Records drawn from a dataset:
-*-
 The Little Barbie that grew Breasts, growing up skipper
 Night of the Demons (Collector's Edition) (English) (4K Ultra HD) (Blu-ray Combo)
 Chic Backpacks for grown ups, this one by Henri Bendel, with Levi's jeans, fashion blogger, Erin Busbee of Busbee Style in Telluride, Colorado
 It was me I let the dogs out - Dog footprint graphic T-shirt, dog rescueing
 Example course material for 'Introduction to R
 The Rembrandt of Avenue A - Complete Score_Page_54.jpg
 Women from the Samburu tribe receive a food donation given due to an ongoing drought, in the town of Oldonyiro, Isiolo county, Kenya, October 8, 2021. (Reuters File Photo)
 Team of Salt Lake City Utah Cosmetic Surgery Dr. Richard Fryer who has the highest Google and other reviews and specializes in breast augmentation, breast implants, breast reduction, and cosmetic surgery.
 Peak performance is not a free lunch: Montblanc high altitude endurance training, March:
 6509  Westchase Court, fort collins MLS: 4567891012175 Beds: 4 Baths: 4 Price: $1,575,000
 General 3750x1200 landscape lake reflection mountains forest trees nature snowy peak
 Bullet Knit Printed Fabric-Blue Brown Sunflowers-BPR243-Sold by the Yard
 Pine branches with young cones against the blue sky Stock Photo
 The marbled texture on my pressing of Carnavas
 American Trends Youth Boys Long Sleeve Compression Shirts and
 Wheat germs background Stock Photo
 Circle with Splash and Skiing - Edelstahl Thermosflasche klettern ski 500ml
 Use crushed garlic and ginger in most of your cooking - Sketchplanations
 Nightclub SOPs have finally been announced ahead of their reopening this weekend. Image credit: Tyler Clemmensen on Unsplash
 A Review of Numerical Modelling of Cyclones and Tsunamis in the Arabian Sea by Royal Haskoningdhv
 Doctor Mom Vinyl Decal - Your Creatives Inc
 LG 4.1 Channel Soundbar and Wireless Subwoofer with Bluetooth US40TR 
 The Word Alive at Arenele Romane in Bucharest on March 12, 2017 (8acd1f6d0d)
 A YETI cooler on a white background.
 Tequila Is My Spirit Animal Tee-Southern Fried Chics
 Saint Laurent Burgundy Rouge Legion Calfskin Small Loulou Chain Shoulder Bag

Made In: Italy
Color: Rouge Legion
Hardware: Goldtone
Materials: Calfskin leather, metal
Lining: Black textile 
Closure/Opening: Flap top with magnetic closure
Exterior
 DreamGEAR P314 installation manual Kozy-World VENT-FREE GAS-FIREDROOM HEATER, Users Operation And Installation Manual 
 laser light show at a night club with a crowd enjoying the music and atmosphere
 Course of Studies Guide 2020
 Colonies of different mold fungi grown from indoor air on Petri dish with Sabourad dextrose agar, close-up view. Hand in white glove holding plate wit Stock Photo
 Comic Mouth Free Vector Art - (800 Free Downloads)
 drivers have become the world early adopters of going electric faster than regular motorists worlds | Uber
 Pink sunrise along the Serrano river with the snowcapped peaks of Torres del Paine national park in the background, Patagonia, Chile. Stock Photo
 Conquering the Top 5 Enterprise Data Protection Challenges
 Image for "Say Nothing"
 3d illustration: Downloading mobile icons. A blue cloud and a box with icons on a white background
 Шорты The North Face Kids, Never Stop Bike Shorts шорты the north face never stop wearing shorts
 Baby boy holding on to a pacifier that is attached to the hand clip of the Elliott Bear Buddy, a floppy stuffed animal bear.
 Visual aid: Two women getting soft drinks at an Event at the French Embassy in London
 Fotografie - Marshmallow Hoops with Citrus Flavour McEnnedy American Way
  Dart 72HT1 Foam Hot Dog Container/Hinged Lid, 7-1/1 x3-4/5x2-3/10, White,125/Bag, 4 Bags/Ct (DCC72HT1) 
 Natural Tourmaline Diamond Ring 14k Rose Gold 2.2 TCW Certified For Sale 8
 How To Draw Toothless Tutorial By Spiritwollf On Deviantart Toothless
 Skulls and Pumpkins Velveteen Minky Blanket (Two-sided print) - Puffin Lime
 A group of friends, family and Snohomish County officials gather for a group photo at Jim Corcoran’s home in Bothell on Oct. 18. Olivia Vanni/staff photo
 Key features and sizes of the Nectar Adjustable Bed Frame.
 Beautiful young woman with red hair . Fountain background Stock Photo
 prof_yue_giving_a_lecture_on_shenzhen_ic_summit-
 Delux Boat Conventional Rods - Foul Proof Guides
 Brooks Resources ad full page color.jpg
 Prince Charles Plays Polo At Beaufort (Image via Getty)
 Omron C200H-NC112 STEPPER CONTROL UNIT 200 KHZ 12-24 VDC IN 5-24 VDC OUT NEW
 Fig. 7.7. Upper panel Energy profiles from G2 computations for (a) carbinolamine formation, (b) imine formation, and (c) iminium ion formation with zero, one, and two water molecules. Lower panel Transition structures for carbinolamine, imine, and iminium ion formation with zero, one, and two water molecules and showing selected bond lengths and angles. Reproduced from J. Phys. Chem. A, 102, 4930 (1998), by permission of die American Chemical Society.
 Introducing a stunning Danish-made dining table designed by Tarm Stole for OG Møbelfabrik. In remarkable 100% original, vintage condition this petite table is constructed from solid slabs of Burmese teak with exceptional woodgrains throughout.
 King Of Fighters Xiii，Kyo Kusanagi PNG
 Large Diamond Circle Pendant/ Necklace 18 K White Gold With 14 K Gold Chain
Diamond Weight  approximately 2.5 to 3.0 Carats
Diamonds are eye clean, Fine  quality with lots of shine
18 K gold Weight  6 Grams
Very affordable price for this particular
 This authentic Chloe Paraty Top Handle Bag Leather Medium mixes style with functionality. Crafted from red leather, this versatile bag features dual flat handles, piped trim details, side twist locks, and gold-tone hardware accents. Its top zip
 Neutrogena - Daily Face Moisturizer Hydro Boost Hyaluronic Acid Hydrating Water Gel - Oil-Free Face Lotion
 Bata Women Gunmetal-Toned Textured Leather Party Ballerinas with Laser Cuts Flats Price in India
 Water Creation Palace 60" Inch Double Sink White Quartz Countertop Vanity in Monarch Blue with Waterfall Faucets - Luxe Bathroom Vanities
-*-
▶ [TO DO]: Whenever the word "Calfskin" shows up in a line above, copy that line.

▶ [SOLUTION FOR THIS TASK]:
 Saint Laurent Burgundy Rouge Legion Calfskin Small Loulou Chain Shoulder Bag
Materials: Calfskin leather, metal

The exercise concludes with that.